__Exercise aim__.
Extract each line of the material that follows exactly and omit its pictures.

--- Raw data ---

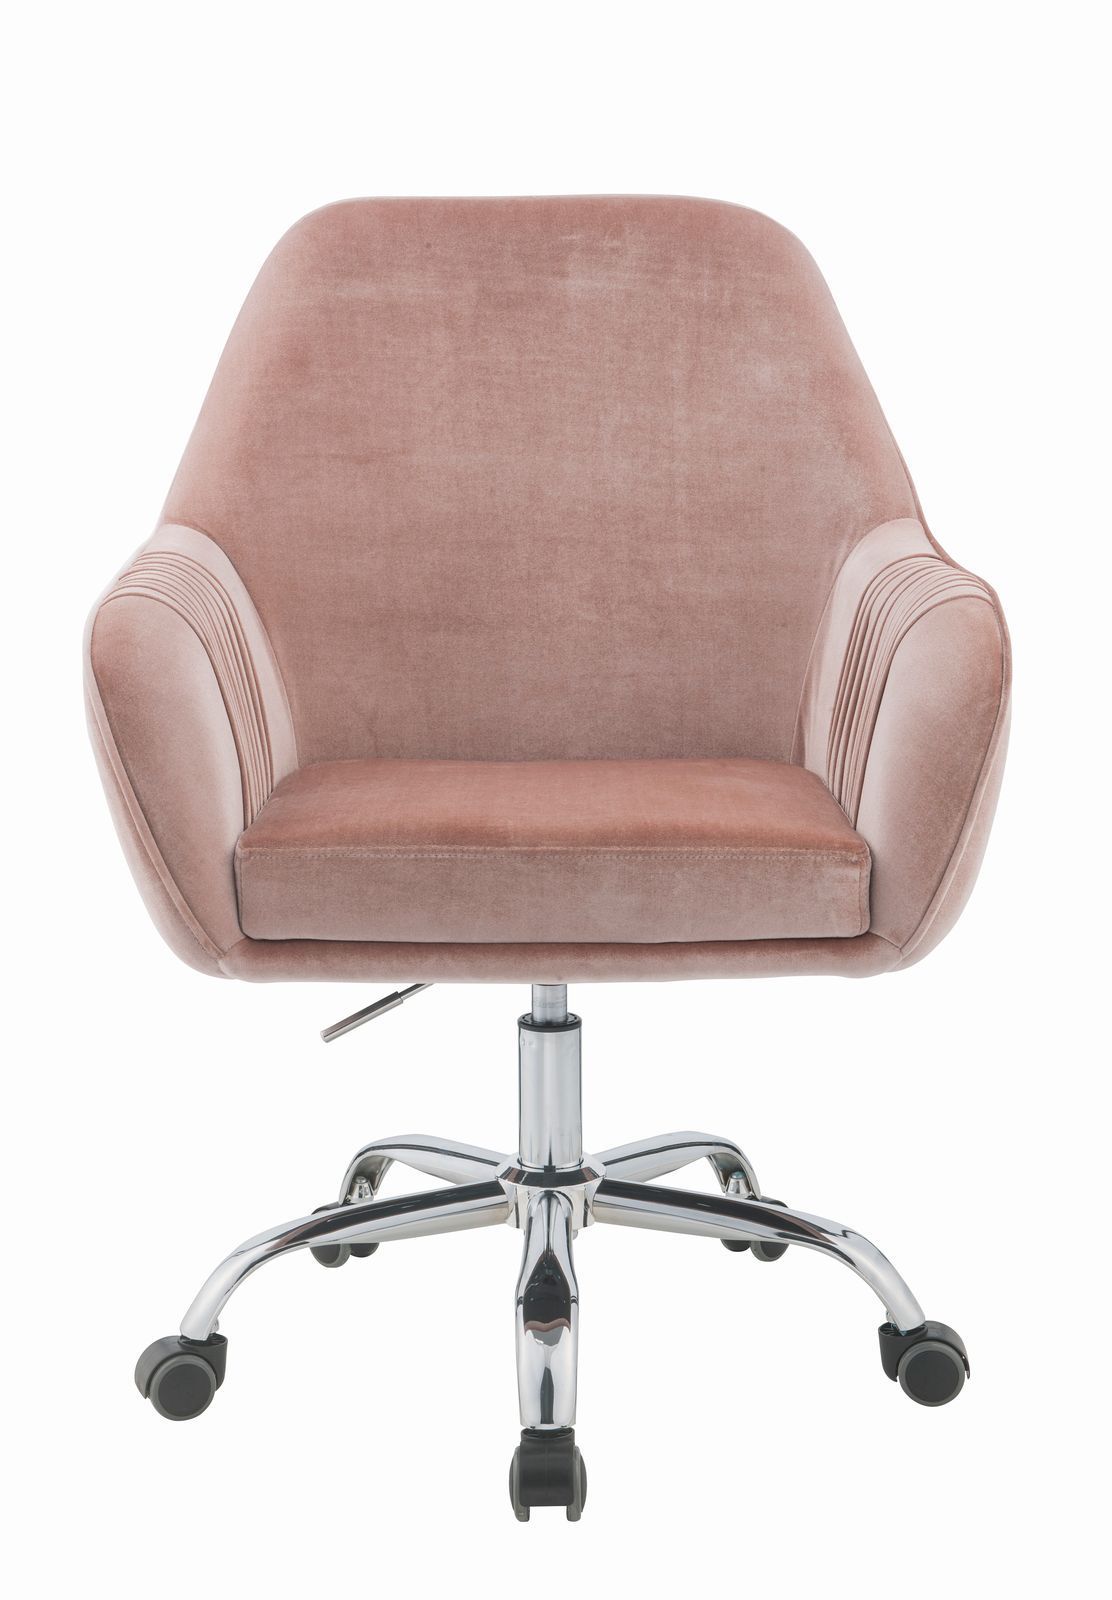 Romantic Office Chair - Pink Peach Velvet & Chrome
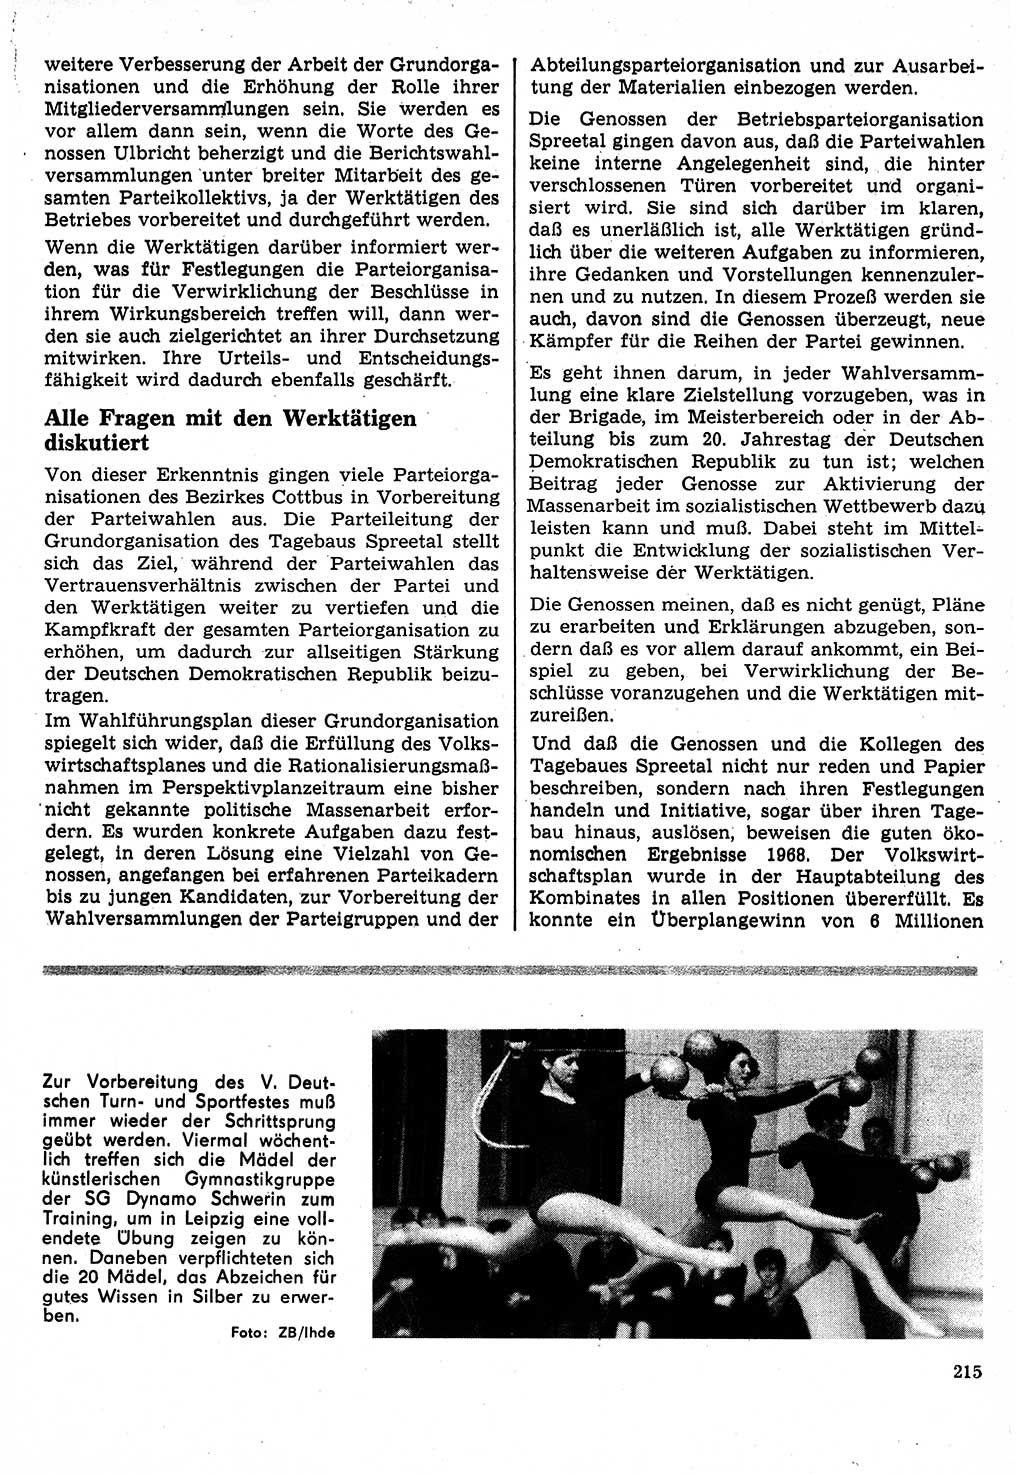 Neuer Weg (NW), Organ des Zentralkomitees (ZK) der SED (Sozialistische Einheitspartei Deutschlands) für Fragen des Parteilebens, 24. Jahrgang [Deutsche Demokratische Republik (DDR)] 1969, Seite 215 (NW ZK SED DDR 1969, S. 215)
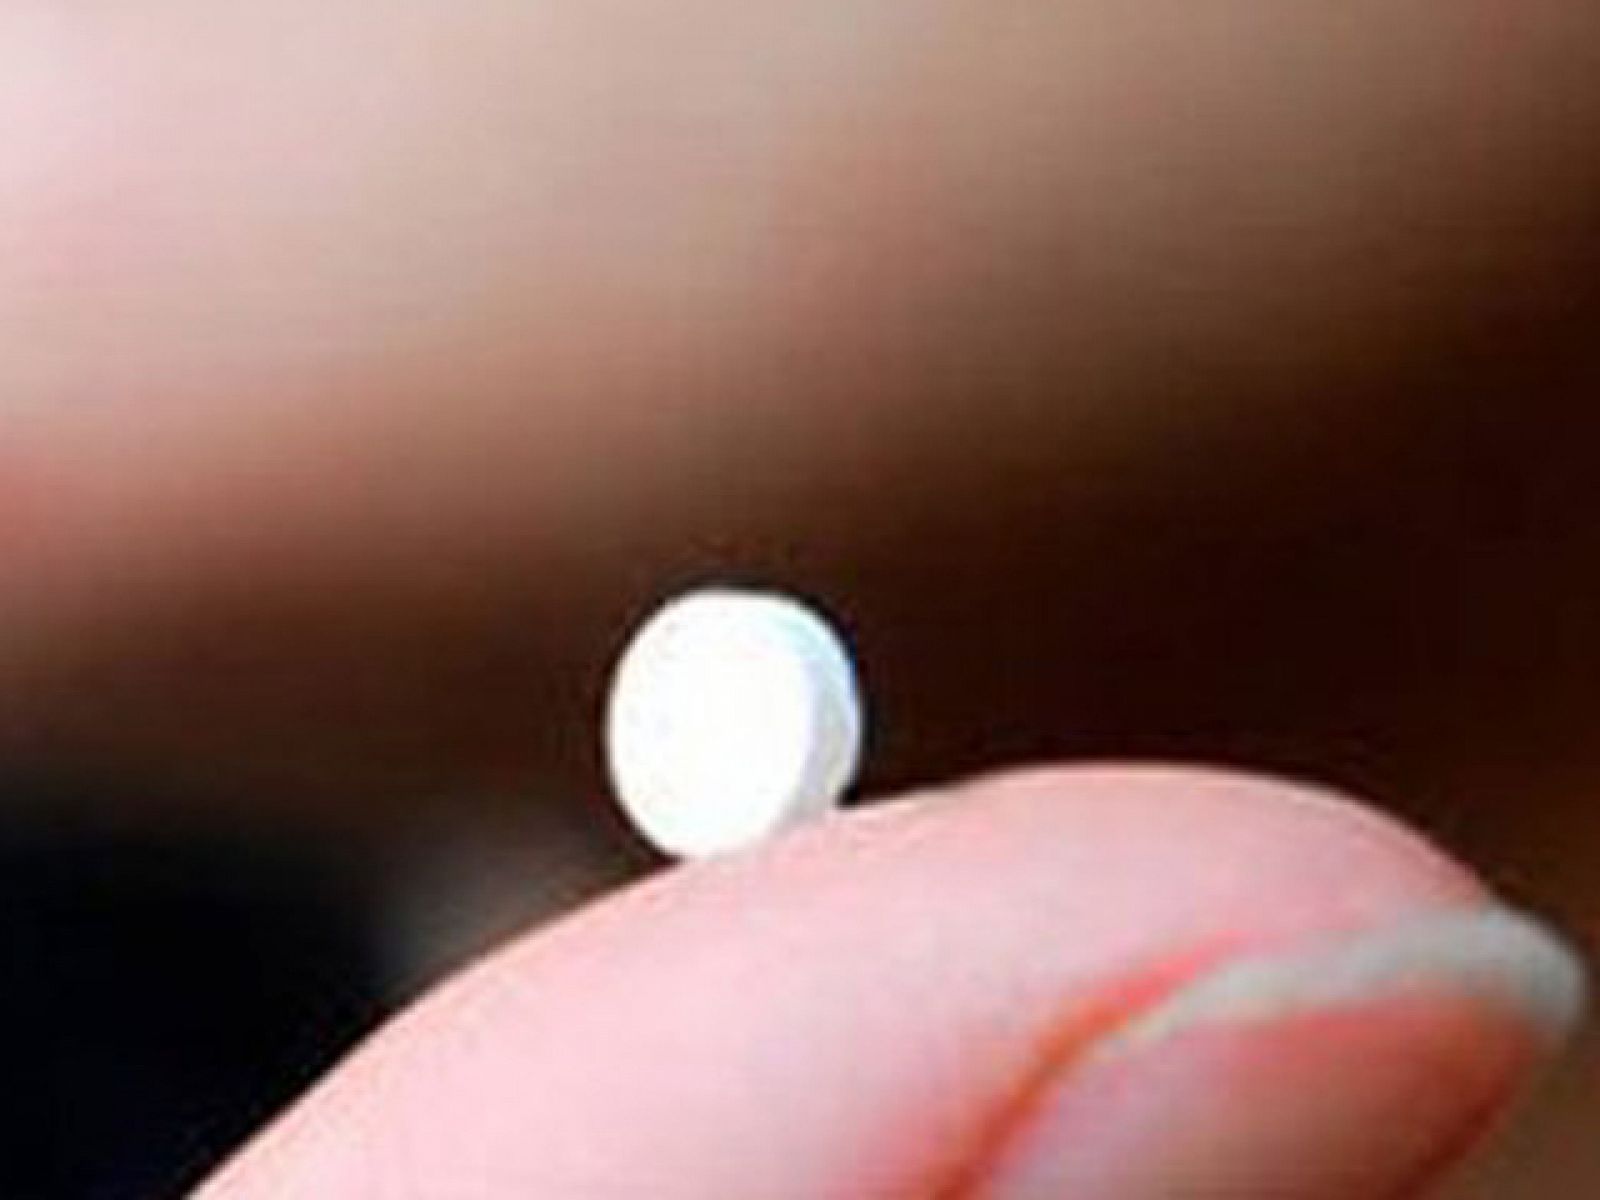 El Ministerio de Sanidad asegura que dispensar la píldora ha reducido el número de abortos
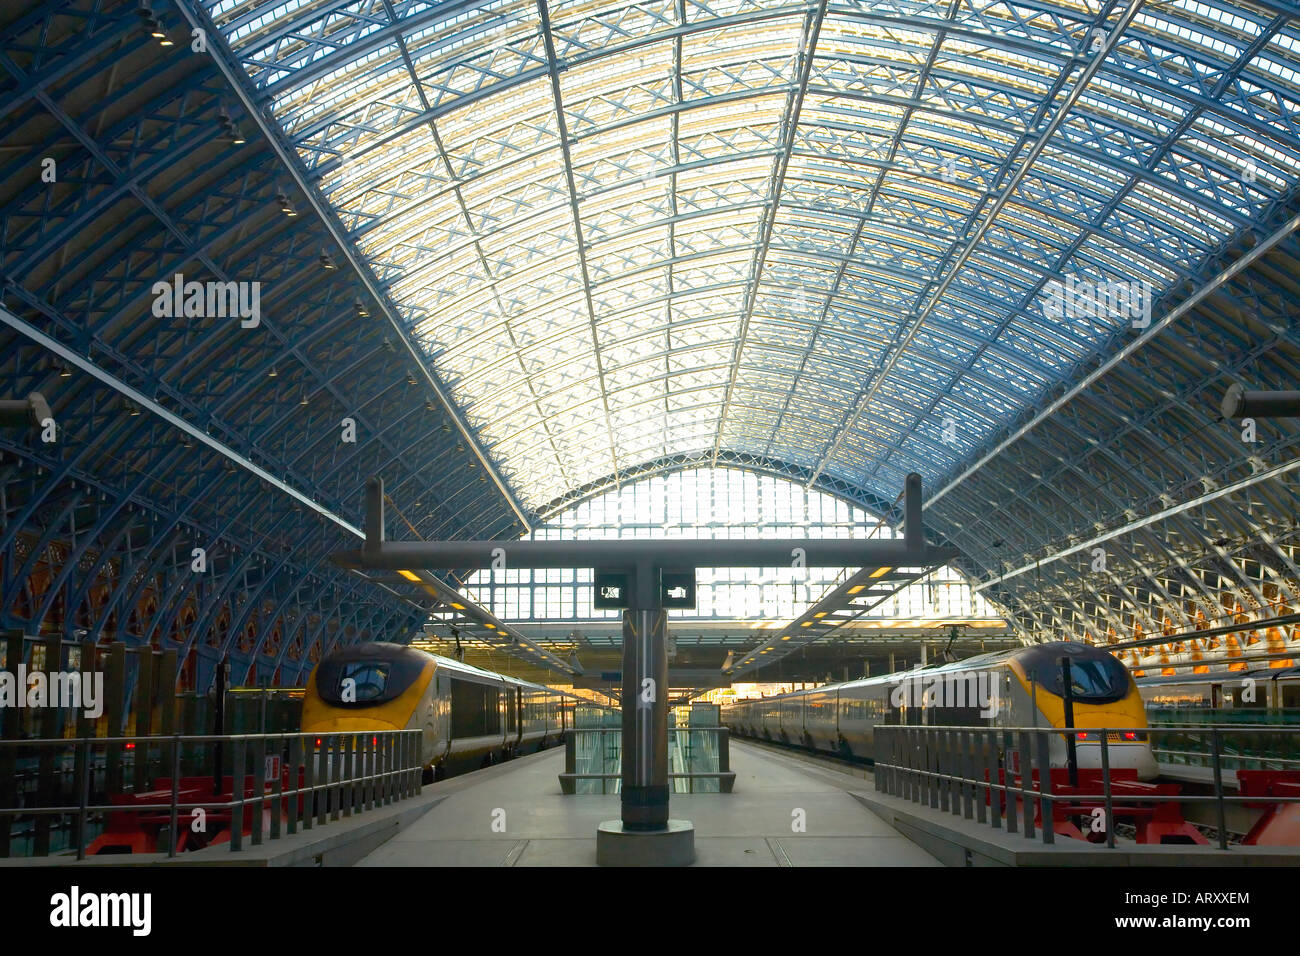 Eurorail eurostar treni ad alta velocità a dalla stazione ferroviaria internazionale di St Pancras Londra Inghilterra Regno Unito Regno Unito GB Foto Stock

---

__Result of the task__.
 Romantic Office Chair - Pink Peach Velvet & Chrome
 Neuer Weg (NW), Organ des Zentralkomitees (ZK) der SED (Sozialistische Einheitspartei Deutschlands) für Fragen des Parteilebens, 24. Jahrgang [Deutsche Demokratische Republik (DDR)] 1969, Seite 215 (NW ZK SED DDR 1969, S. 215)
 El Ministerio de Sanidad asegura que dispensar la píldora ha reducido el número de abortos
 Eurorail eurostar treni ad alta velocità a dalla stazione ferroviaria internazionale di St Pancras Londra Inghilterra Regno Unito Regno Unito GB Foto Stock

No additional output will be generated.